I have a string that contains one or more filenames and/or file wildcards, e.g. "somefile.txt" or "somefile.txt *.pdf *.txt foo.bar".
I want to turn that into a single iterator that contains all of the matching files, and that iterator should not contain any duplicates. E.g., in the second example above, somefile.txt would naturally appear twice, once from the filename, once from *.txt.; I want it to appear only once in the iterator.
Here's what I've been playing with (most of which is from this SO question), which isn't de-duped. (I'm only printing for the example, there will obviously be processing in the for loop.)
import itertools as it
from glob import iglob
def glob_everything(filelist):
return it.chain.from_iterable(iglob(f) for f in filelist)
parmfiles = "somefile.txt *.txt"
files = parmfiles.split()
for file in glob_everything(files):
print('3',file)
I'm using iglob instead of glob because there might be several thousand files involved, and I was trying not to take up memory with all of them.
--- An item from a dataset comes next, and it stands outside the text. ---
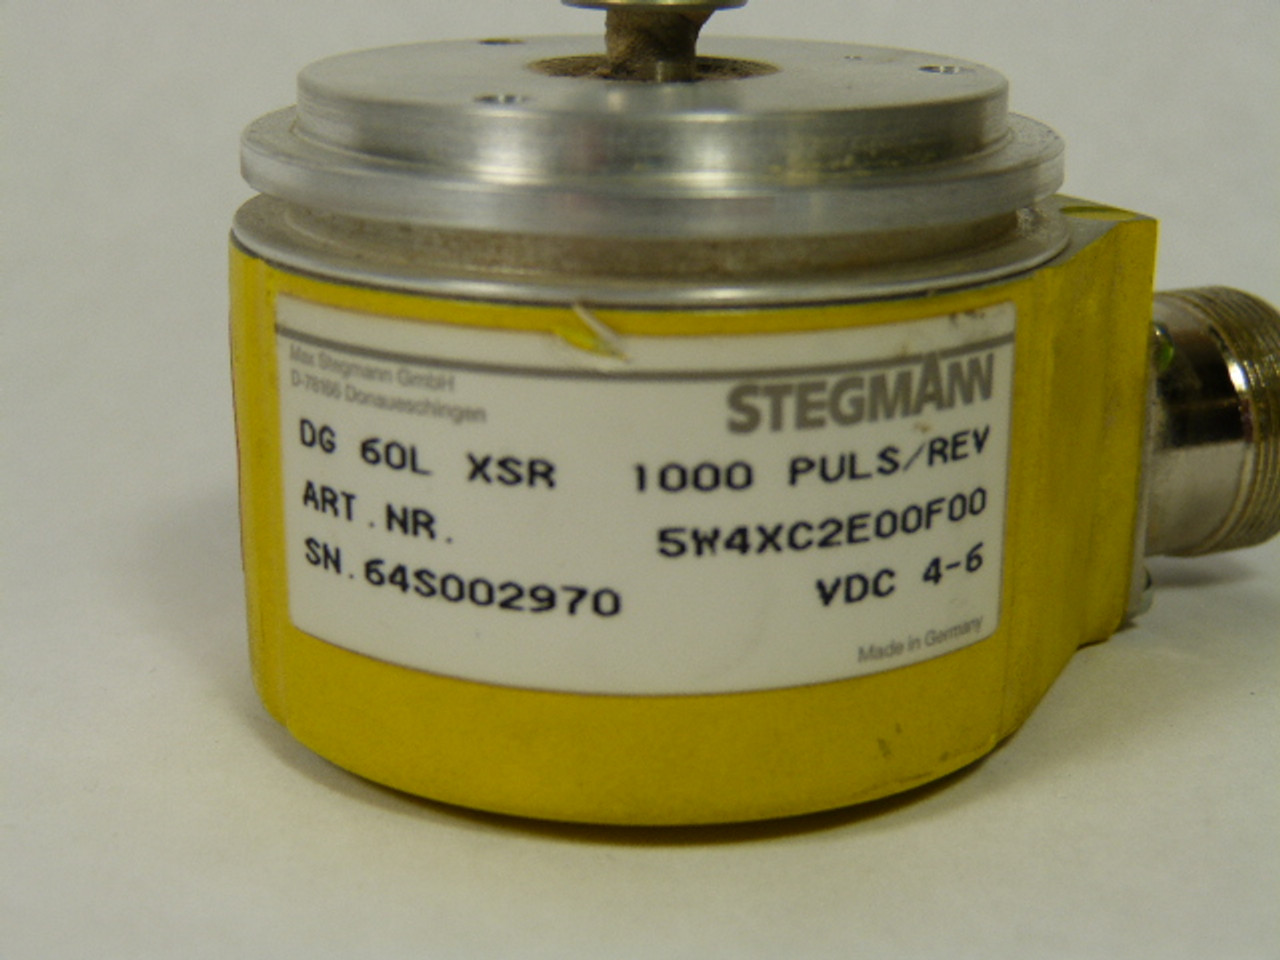 Stegmann DG-60L-XSR Incremental Encoder 1000puls/rev 4-6VDC USED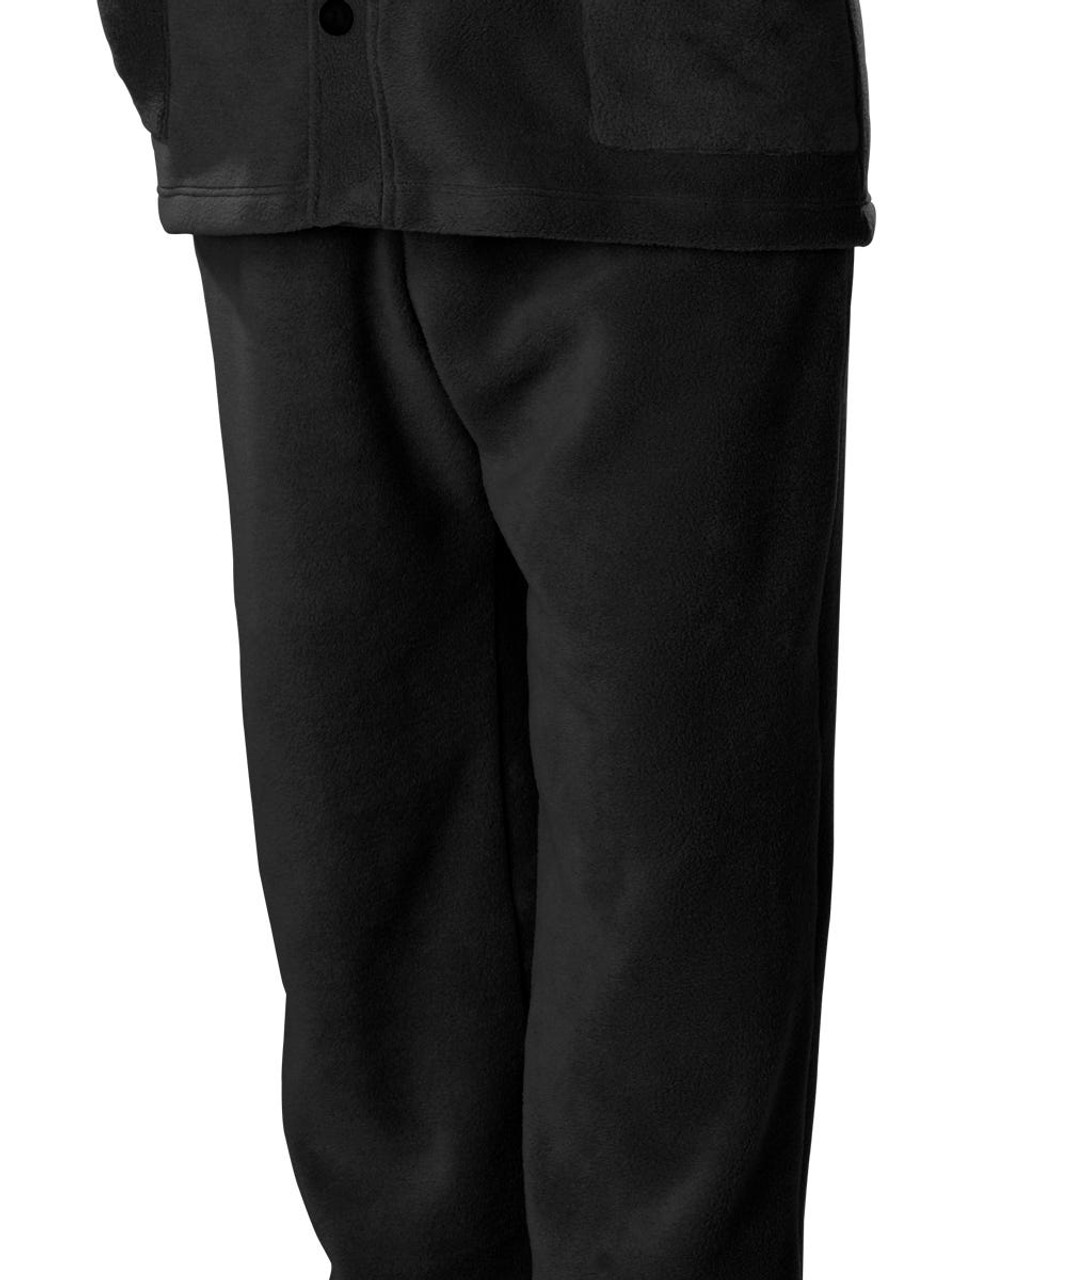 Silverts SV51810 Mens Easy Access Clothing Polar Fleece Pants - Best Arthritis Pants Black, Size=L, SV51810-SV2-L

Is it possible to (easily) de-dup the iterator in the glob_everything function above? (I want the iterator and/or list de-duped before I start, I don't want to have to mess with figuring out if I've already seen a filename as I process the list.)
If not, I assume I'll have to glob the specs individually, extending a list each time, and then turn the list into a set (e.g. set(filelist)) to de-dup it.